Transcribe each line of the material as it is, and drop any picture.

***** Raw data

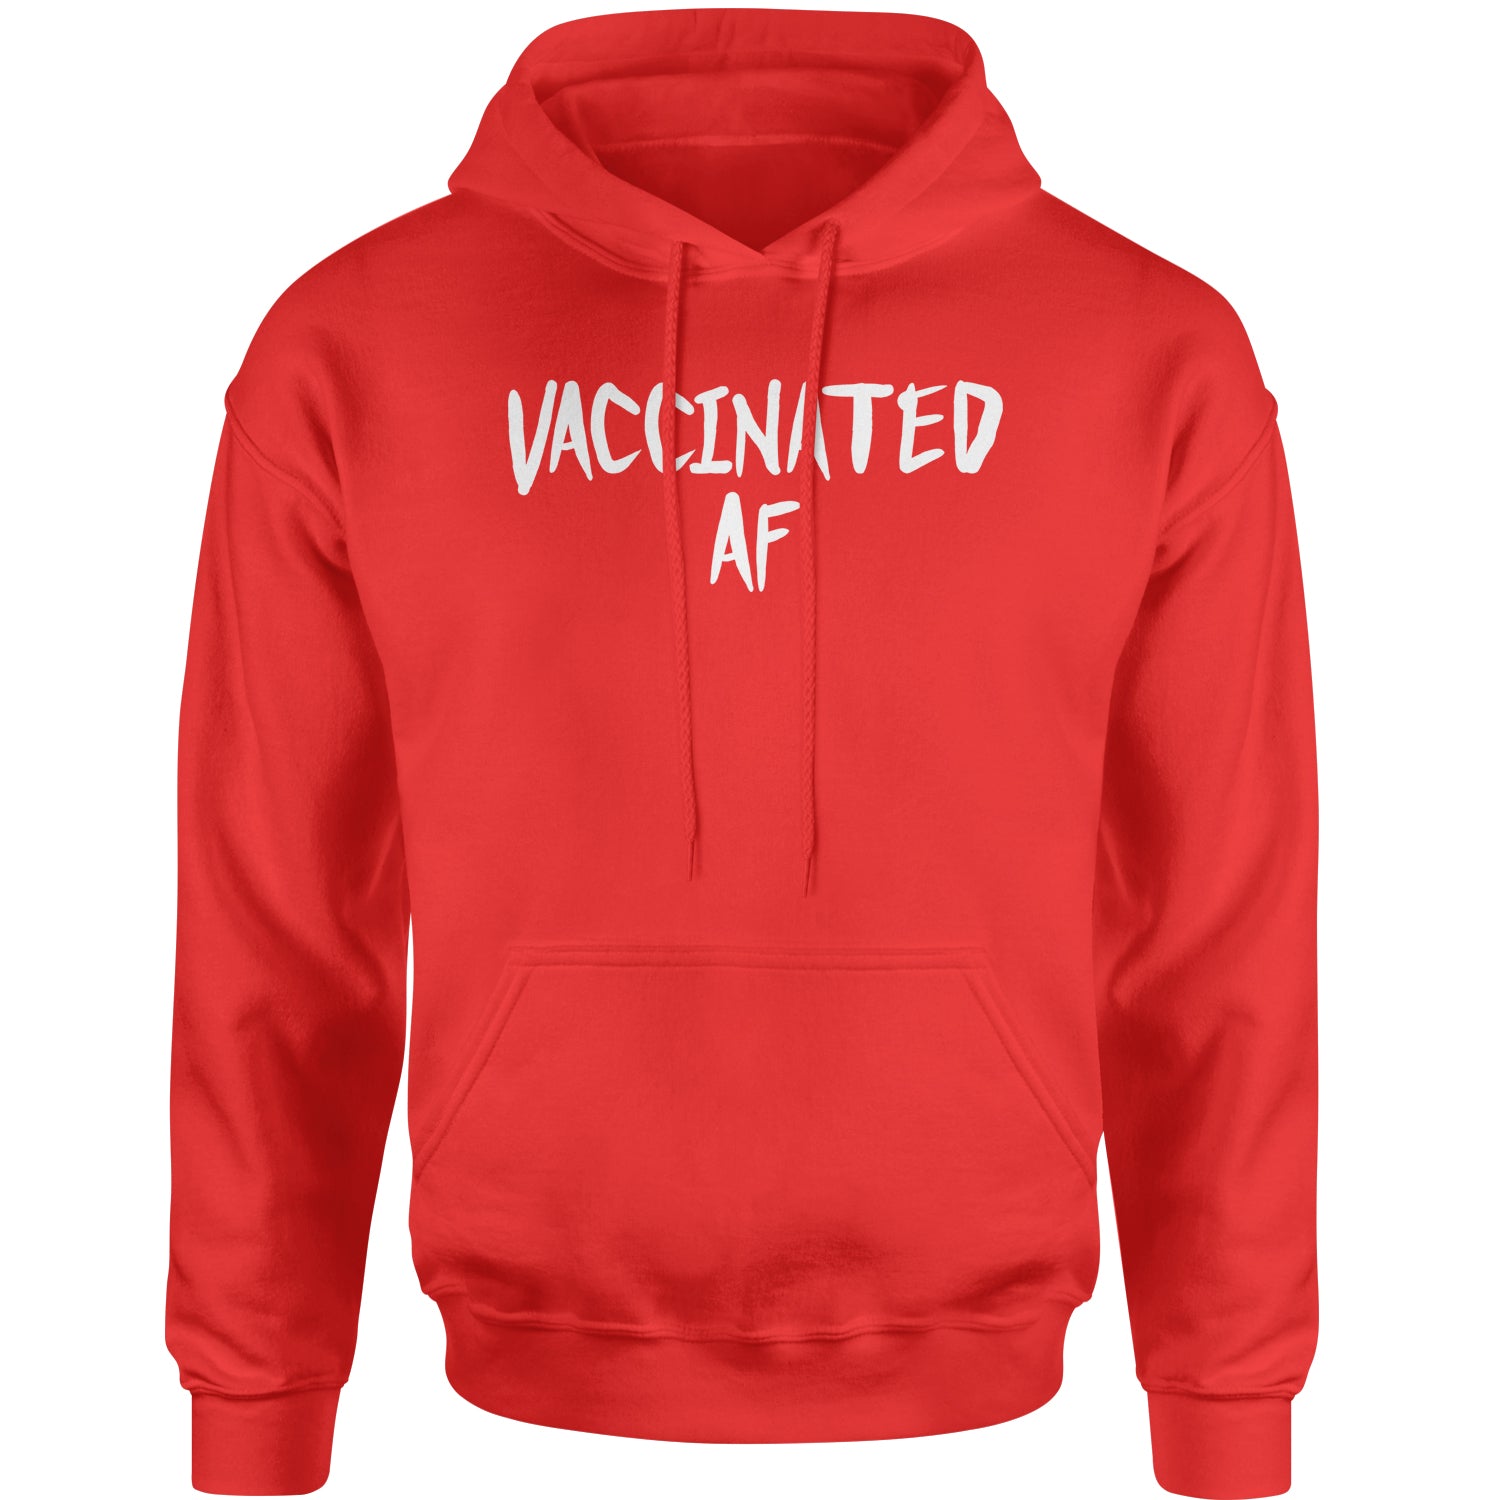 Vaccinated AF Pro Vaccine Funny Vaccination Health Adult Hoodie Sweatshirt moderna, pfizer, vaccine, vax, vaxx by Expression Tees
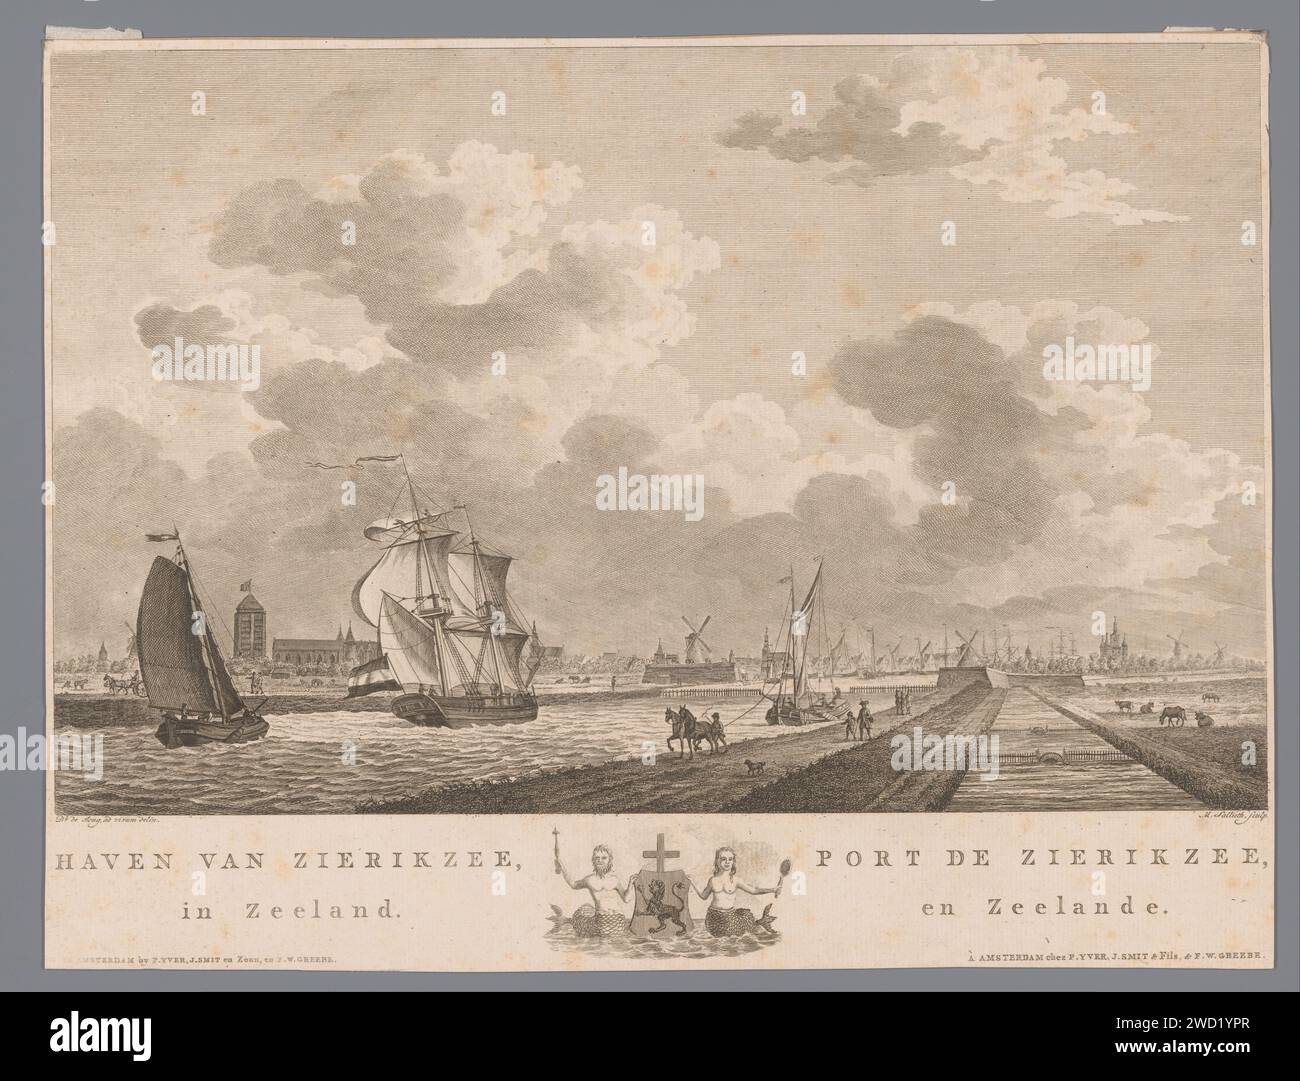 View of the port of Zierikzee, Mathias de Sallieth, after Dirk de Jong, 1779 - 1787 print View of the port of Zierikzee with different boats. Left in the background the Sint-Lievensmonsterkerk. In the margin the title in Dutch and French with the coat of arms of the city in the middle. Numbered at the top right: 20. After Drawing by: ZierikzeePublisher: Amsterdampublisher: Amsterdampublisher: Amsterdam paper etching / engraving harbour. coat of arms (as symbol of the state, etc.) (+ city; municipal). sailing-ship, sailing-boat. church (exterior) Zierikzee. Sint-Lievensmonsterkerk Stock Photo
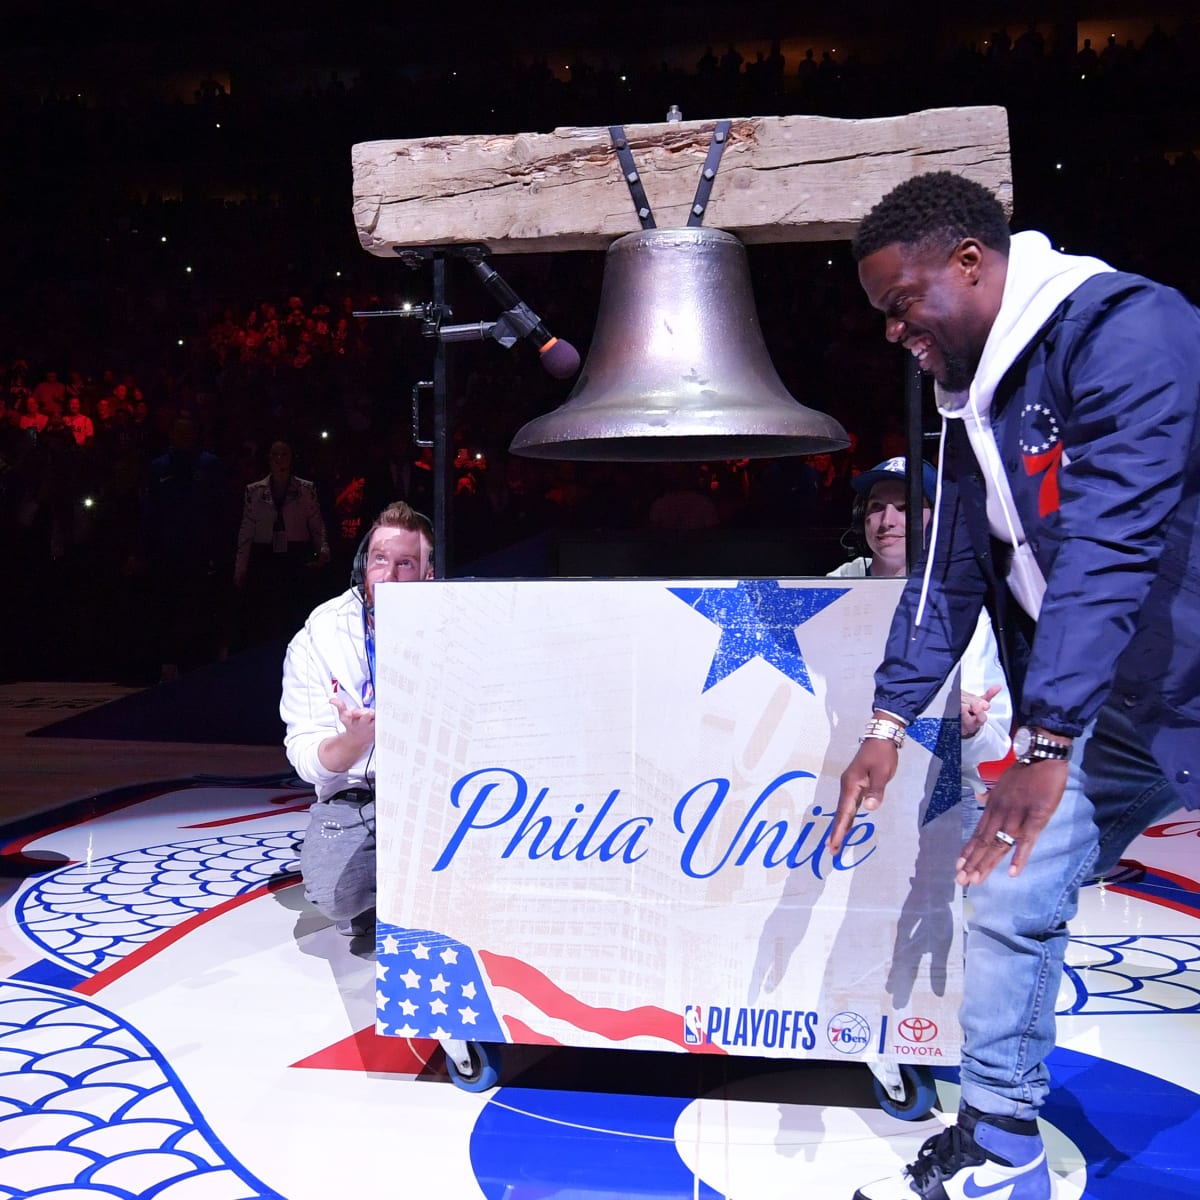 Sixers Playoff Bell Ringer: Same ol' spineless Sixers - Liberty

**********

## Expected answer
 Vaccinated AF Pro Vaccine Funny Vaccination Health Adult Hoodie Sweatshirt moderna, pfizer, vaccine, vax, vaxx by Expression Tees
 View of the port of Zierikzee, Mathias de Sallieth, after Dirk de Jong, 1779 - 1787 print View of the port of Zierikzee with different boats. Left in the background the Sint-Lievensmonsterkerk. In the margin the title in Dutch and French with the coat of arms of the city in the middle. Numbered at the top right: 20. After Drawing by: ZierikzeePublisher: Amsterdampublisher: Amsterdampublisher: Amsterdam paper etching / engraving harbour. coat of arms (as symbol of the state, etc.) (+ city; municipal). sailing-ship, sailing-boat. church (exterior) Zierikzee. Sint-Lievensmonsterkerk Stock Photo
 Sixers Playoff Bell Ringer: Same ol' spineless Sixers - Liberty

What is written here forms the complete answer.